Passage
If any one think himself to be religious, not bridling his tongue, but deceiving his heart, this man's religion is vain.
If any one think himself to be religious, not bridling his tongue, but deceiving his heart, this man's religion is vain.
James 1:24 for he has considered himself and is gone away, and straightway he has forgotten what he was like.
James 1:25 But *he* that fixes his view on [the] perfect law, that of liberty, and abides in [it], being not a forgetful hearer but a doer of [the] work, *he* shall be blessed in his doing.
James 1:26 If any one think himself to be religious, not bridling his tongue, but deceiving his heart, this man's religion is vain.

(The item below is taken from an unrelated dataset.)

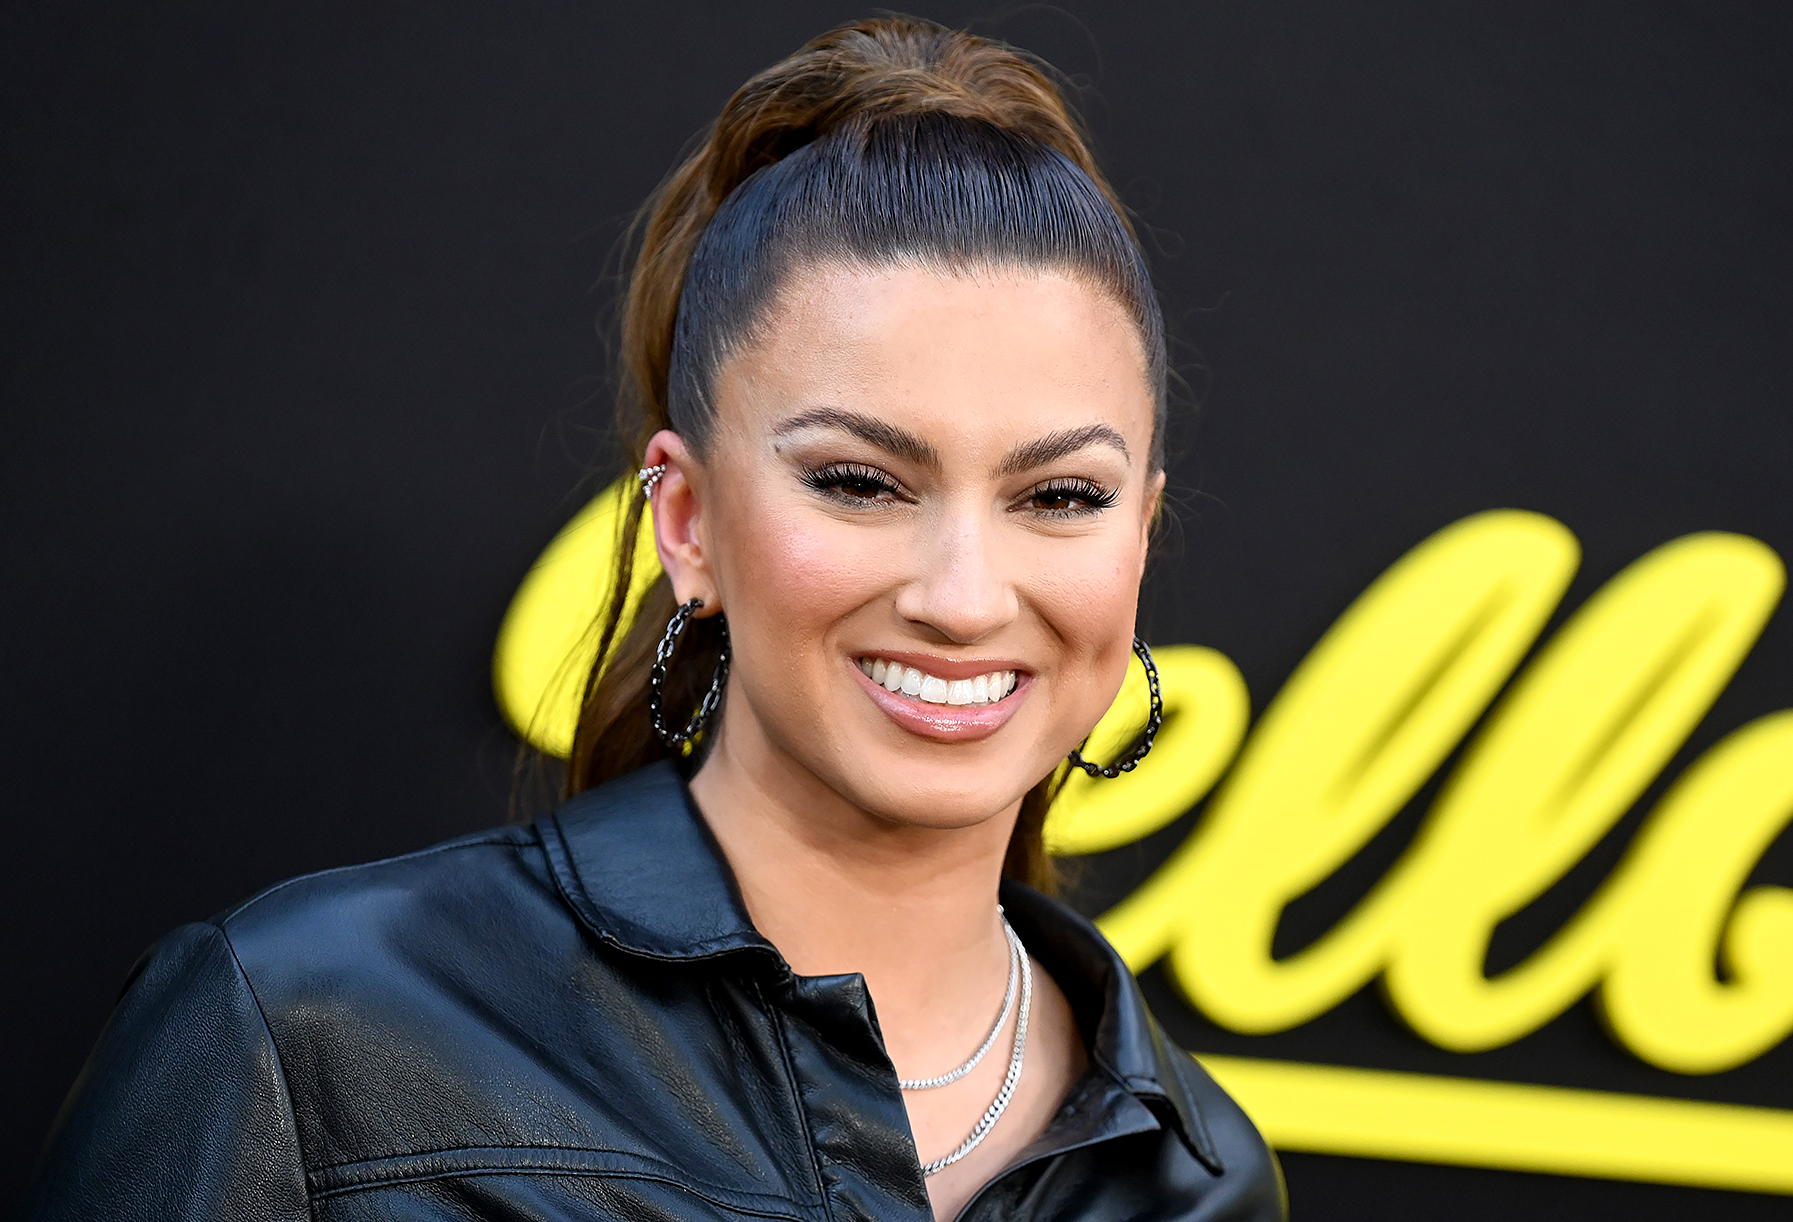 Tori Kelly Announces Tour After Hospitalization: 'Been Too Long!'

James 1:27 Pure and undefiled religion before God and the Father is this: to visit orphans and widows in their affliction, to keep oneself unspotted from the world.

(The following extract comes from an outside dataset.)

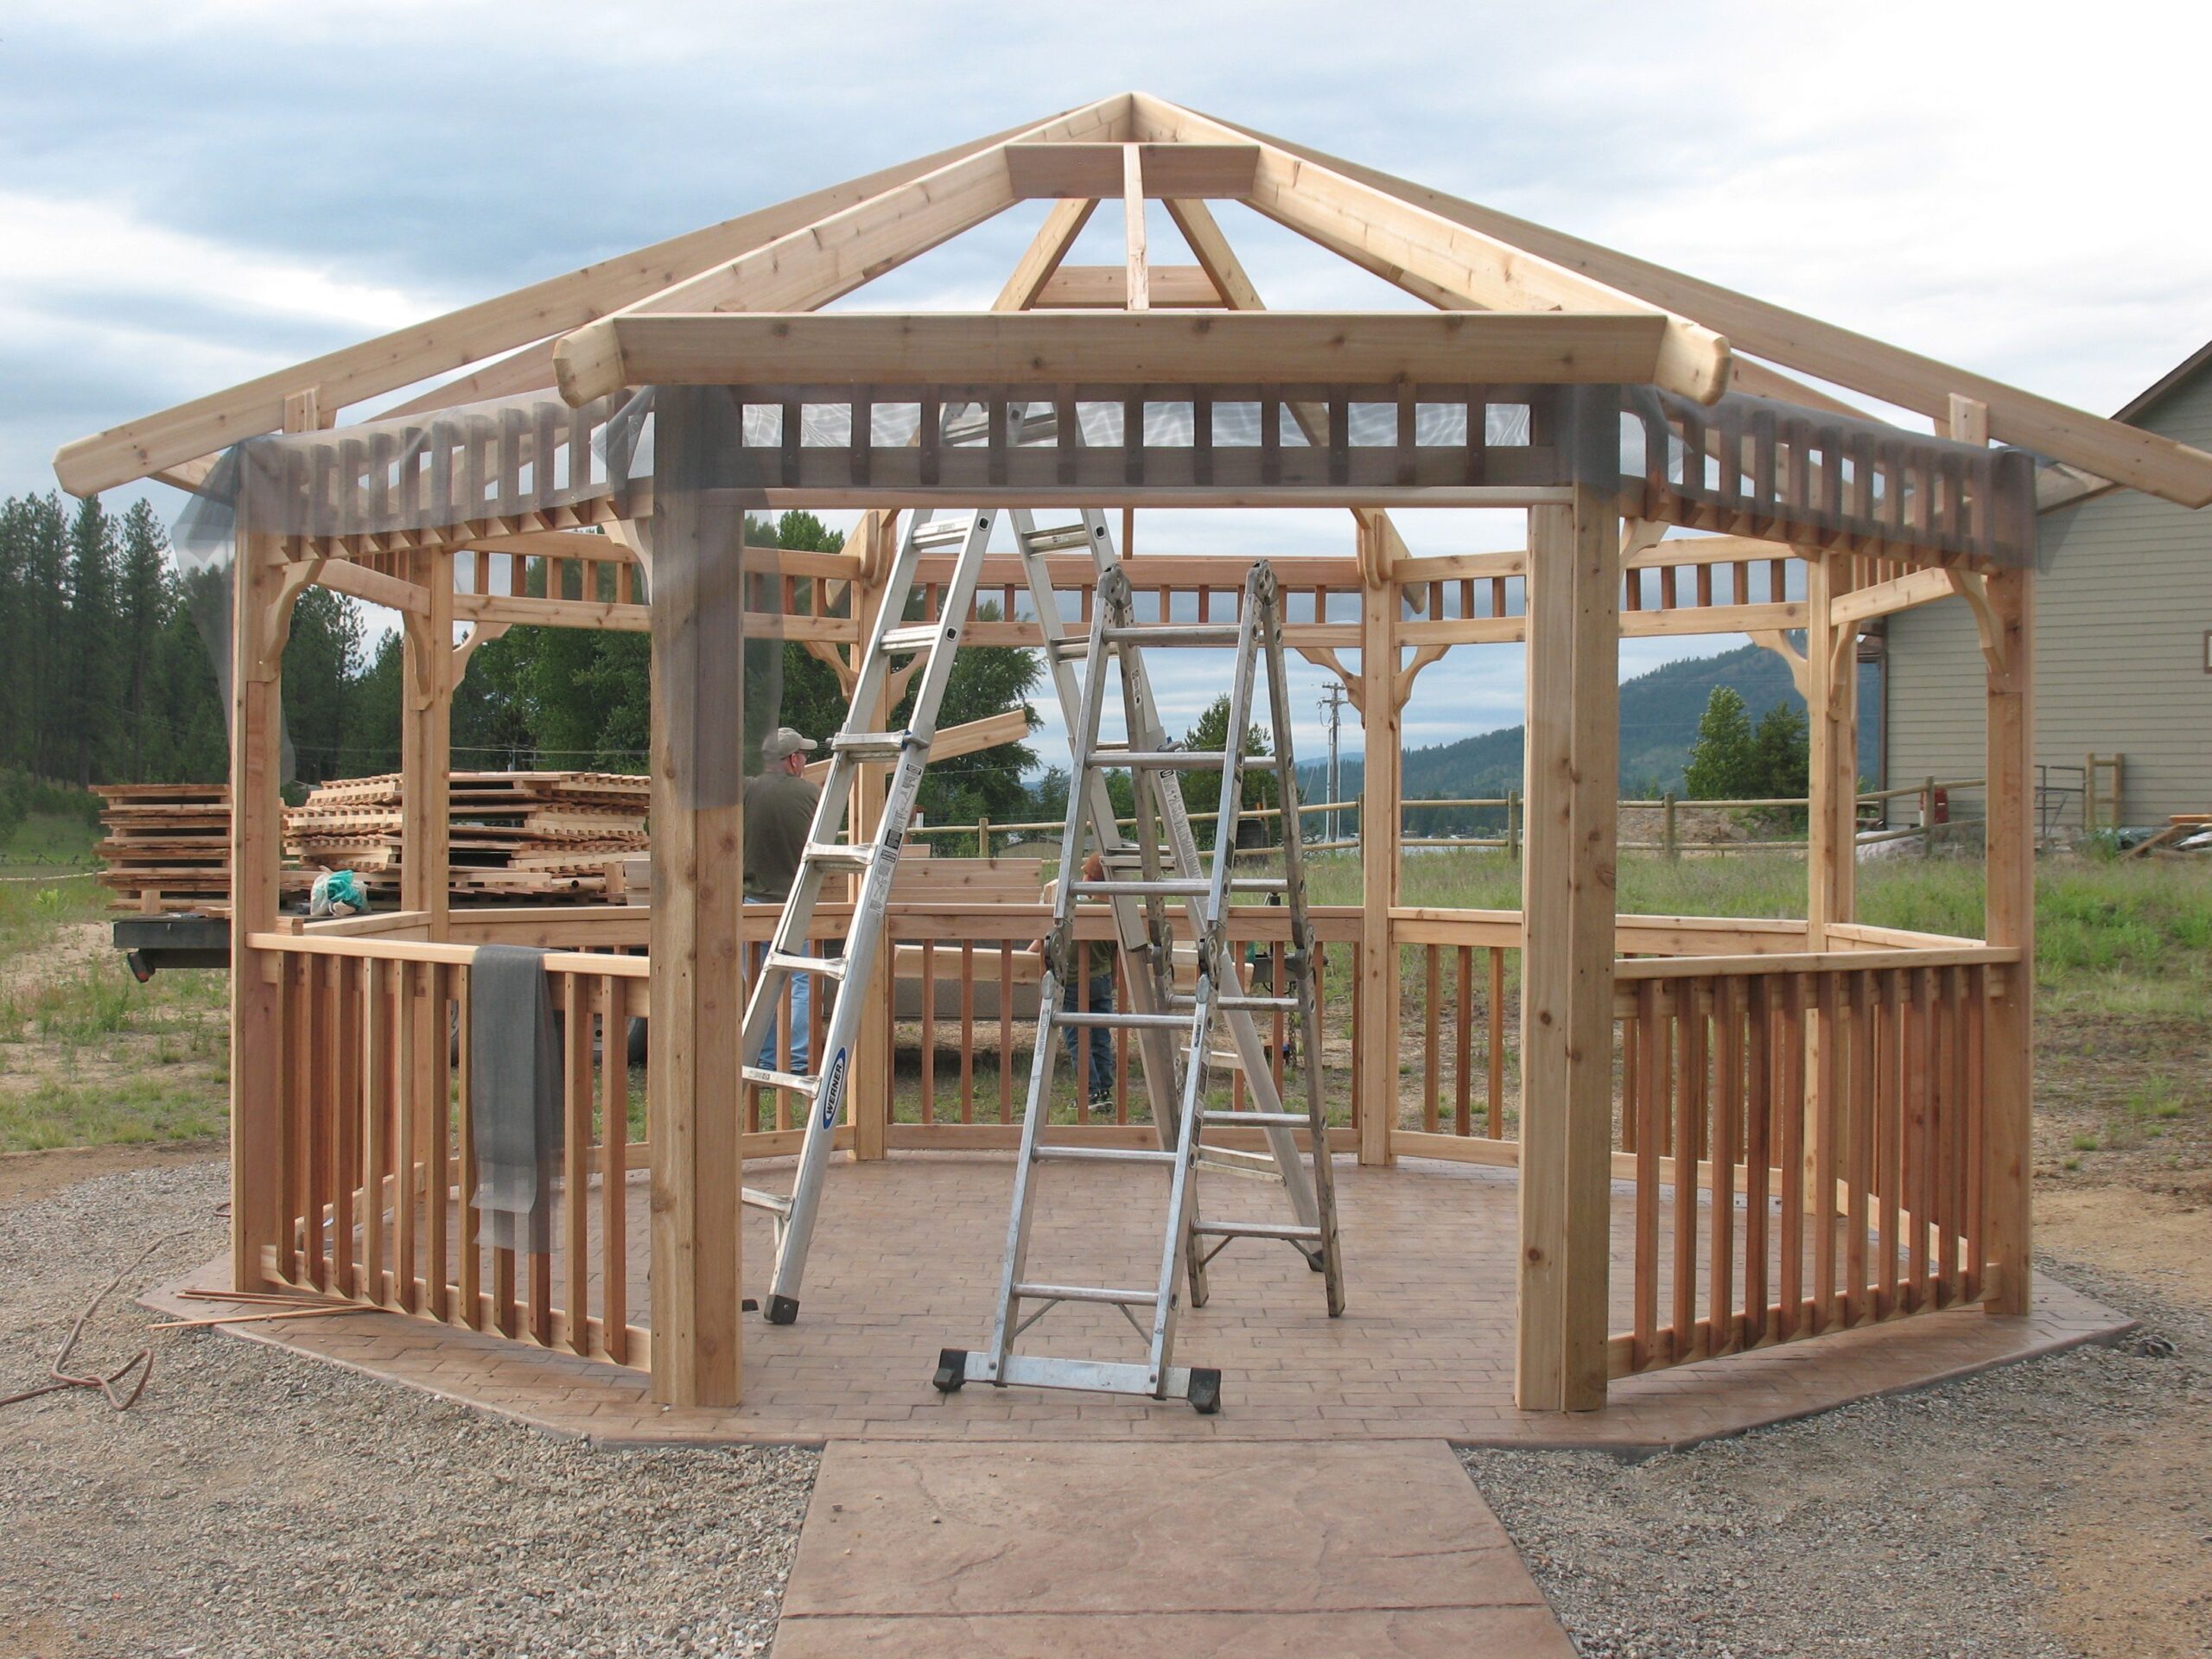 Building Your Own Wooden Gazebo: The Perfect DIY Project for Your Outdoor Space

The verse centers on "think", "himself", "religious", "bridling", "tongue", "deceiving", "heart", and "man's". It is saying that the verse draws attention to "think" and "himself", so its meaning should be read from those terms before moving to application.
The nearby context moves from verse 25's "But he that fixes his view on..." into verse 27's "Pure and undefiled religion before God and...", so "think" and "himself" belong inside that flow. In James context, the local focus is Christ, faith, and discipleship.
A plain takeaway is to answer the verse's own emphasis on "think" and "himself" with trust shaped by these words, not by a vague optimism outside the passage.